Зато получилась идеальная иллюстрация к выражению «вывернуться наизнанку в раскаянии».
Согласна насчет справедливого наказания: но получается, что Беда его хвалит, что ли? Ведь справедливое наказание он доставил себе сам, своей рукой.
Сравнивать Иуду с Ахитофелом — обычное дело, внешняя канва и вправду схожа, но, если честно, я мало общего нахожу между их историями. Да, Ахитофел, переметнувшийся от Давида к Авессалому, тоже предатель и тоже удавился, но раскаяния никакого не выражал, мотив для предательства и для самоубийства у него был абсолютно другой, повесился он в собственном доме, при этом написав предварительно завещание, и похоронили его чин по чину.
И увидел Ахитофел, что не исполнен совет его, и оседлал осла, и собрался, и пошел в дом свой, в город свой, и сделал завещание дому своему, и удавился, и умер, и был погребен в гробе отца своего (2 Цар. 17: 23).
Маловато схожести. Видно, что Ахитофел был мужик обстоятельный и ко всему подходил серьезно, но с горькой историей Иуды это не имеет ничего общего.
Однако стоит отметить упомянутую Бедой «приобщенность к воздушным духам», духам злобы поднебесной. Это снова напоминает о замысле сатаны: сделать Иуду ненавистным небу и земле и навечно приобщить к аду, человека сделать подобным себе.

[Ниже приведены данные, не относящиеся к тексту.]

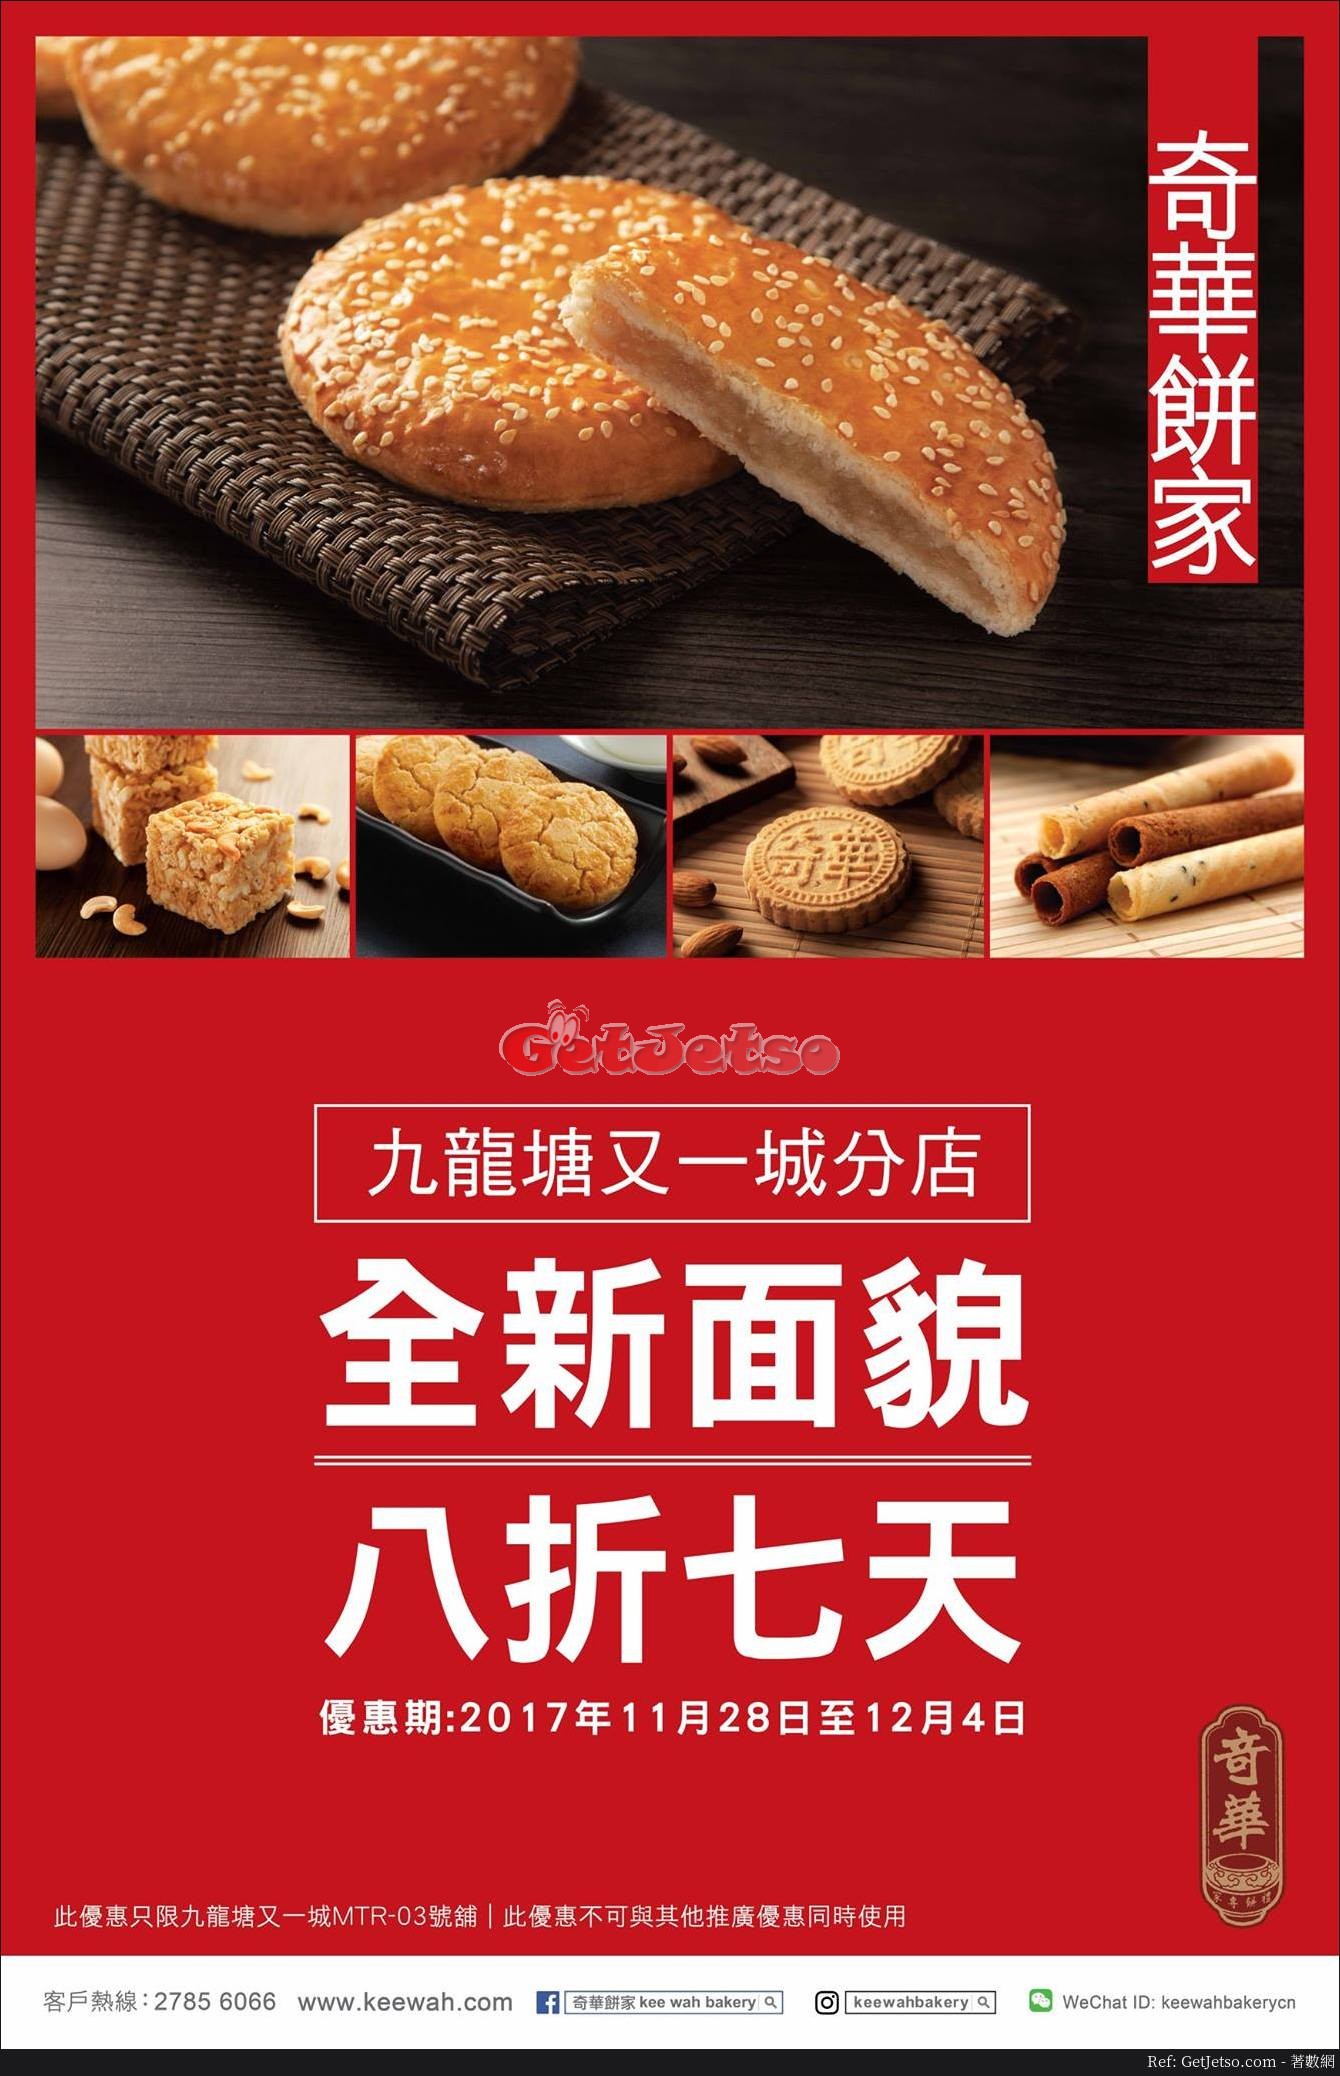 奇華餅家8折開幕優惠@又一城店(至17年12月4日)圖片1

Занимательную версию можно встретить в одном из списков апокрифического Евангелия от Никодима:
«В одной особенно интересной рукописи рассказывается, как после совершения предательства Иуда возвращается к себе домой, чтобы найти веревку и повеситься. Придя на кухню, он видит свою жену, жарящую петуха на вертеле. Он говорит, чтобы она нашла для него веревку, на которой он сможет повеситься. В растерянности она спрашивает у него, почему он так решил. Тогда он рассказывает ей о том, что передал своего учителя Иисуса в руки злодеев, которые его убьют, но что Иисус воскреснет на третий день, явившись в ответ на горестные моления. Жена Иуды советует ему меньше думать и говорить. Ведь точно так же, как и этот жареный петух не сможет больше издать ни звука, так и Иисус не сможет восстать из мертвых.
Но сразу после ее слов жарящийся на вертеле петух расправил крылья и трижды прокукарекал. На Иуду это произвело такое впечатление, что он нашел веревку и повесился» [110].
Просто не знаю, что поучительного можно вынести из этой истории, кроме и без того известной всем женщинам печальной истины, что мужики — беспомощные котики и без участия жены ничего не могут отыскать в собственном доме, пока их жареный петух не клюнет. Оказывается, их страдания «где моя рубашка, где мои носки, я не могу найти мой ремень» имеют солидные библейские корни.
В общем, после этого текста претензии к Иуде появятся даже у феминисток, а к длинному списку его грехов добавится модный нынче грех патриархального шовинизма.
Толкователей и авторов апокрифов можно понять: им нужно было не только сочетать две версии смерти Искариота, но и придать им нравоучительный, назидательный характер. Утешить тех, кто слушает историю Христа и хотел бы своими руками порвать предателя. Отсюда и омерзительные подробности, и стремление заставить его помучиться подольше.
Но если, блюдя завет Оккама, не множить сущности сверх надобности, то картина вырисовывается вполне очевидная. Попытка самоубийства была первая и единственная, как и сказано в Евангелии, а падение тела с высоты привело к картине, описанной апостолом Петром.
Закрывая глаза в этой жизни, Иуда открывает их в вечности.
Где, по общему свидетельству отцов, его не ждет ровным счетом ничего хорошего.